I haven't written for over a month. I knew that if I wrote, I would not be able to resist writing those words that excite and scare me. I was too scared to write those words for fear that writing them, they would no longer be. I still have that fear, but don't want to deny what is. I need to have faith in God, and not in superstition (though I'm certainly not supersticious).

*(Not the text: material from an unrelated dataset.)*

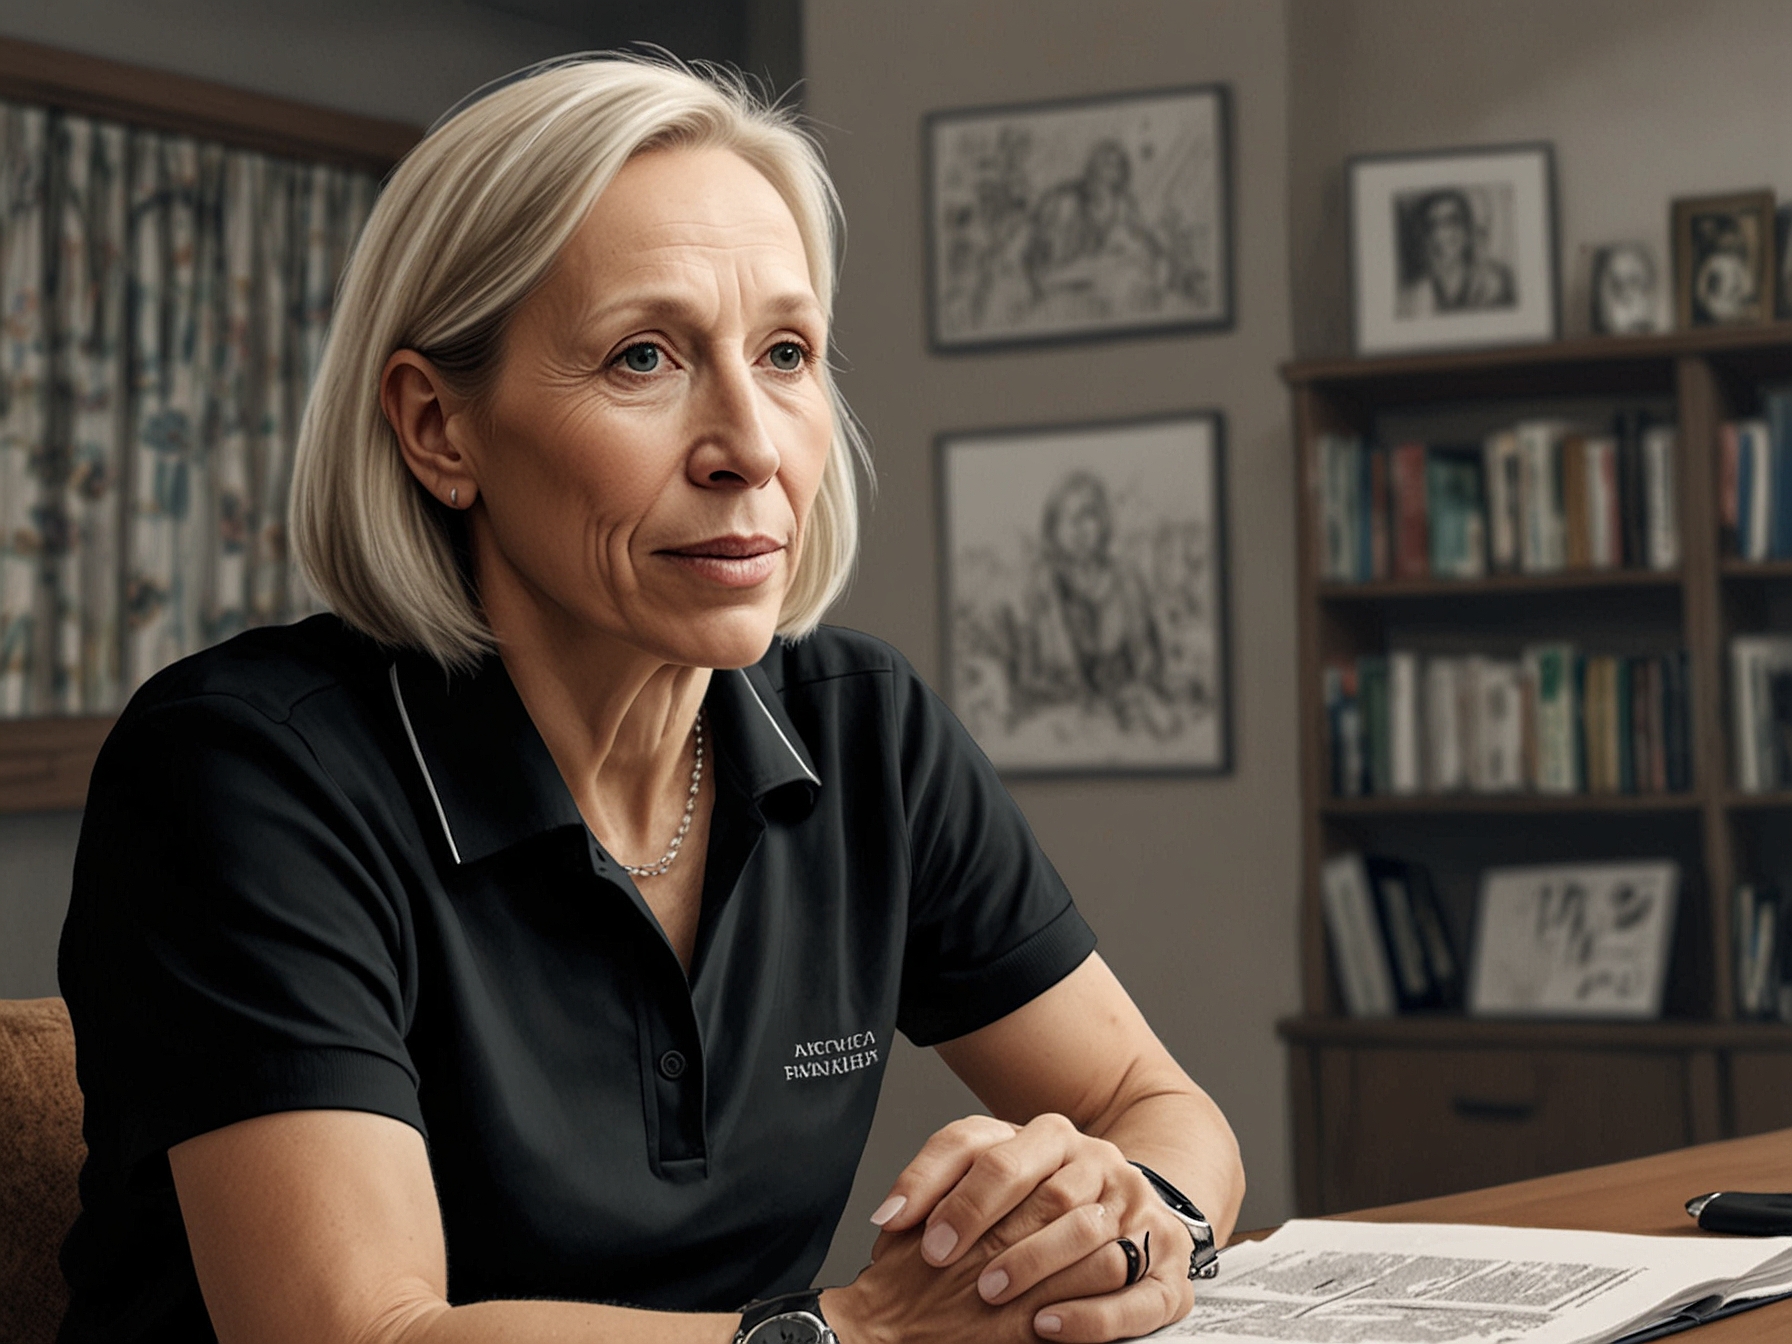 Martina Navratilova during a heated interview regarding her views on transgender women competing in women's sports, emphasizing her commitment to fairness.

Here are the words... I am pregnant. There. Said it. I've been happy to tell people, but something about writing it down, here, it scared me. I've been left feeling foolish too many times because I've jumped the gun and spoken of my babies too early. But today was special. Today we saw our precious little bubba and her heartbeat. Or his. Whatever. I don't care what the sex is, I just want a baby. It looked like a little bean, with not much to see but a small body, large head, and a little perfect flashing heart that was beating wildly at 167bpm!! Awesome. I am 8 weeks 1 day, and in 4 weeks I will be out of the woods, and will be able to breathe a little easier. Today I allowed myself to exhale just a little, in 4 weeks, I will release and take a full breath for the first time in 8 weeks. God is good. So good to me.
I am exhausted. The nausea isn't anywhere near as bad as it was with Jordan, which makes me wonder if this is a little girl, but the fatigue is awful. And Jordan just wakes up so early every morning.
Can't write anymore. Need to go to bed.
By the way. There is definitely only ONE baby in there. Praise God!!!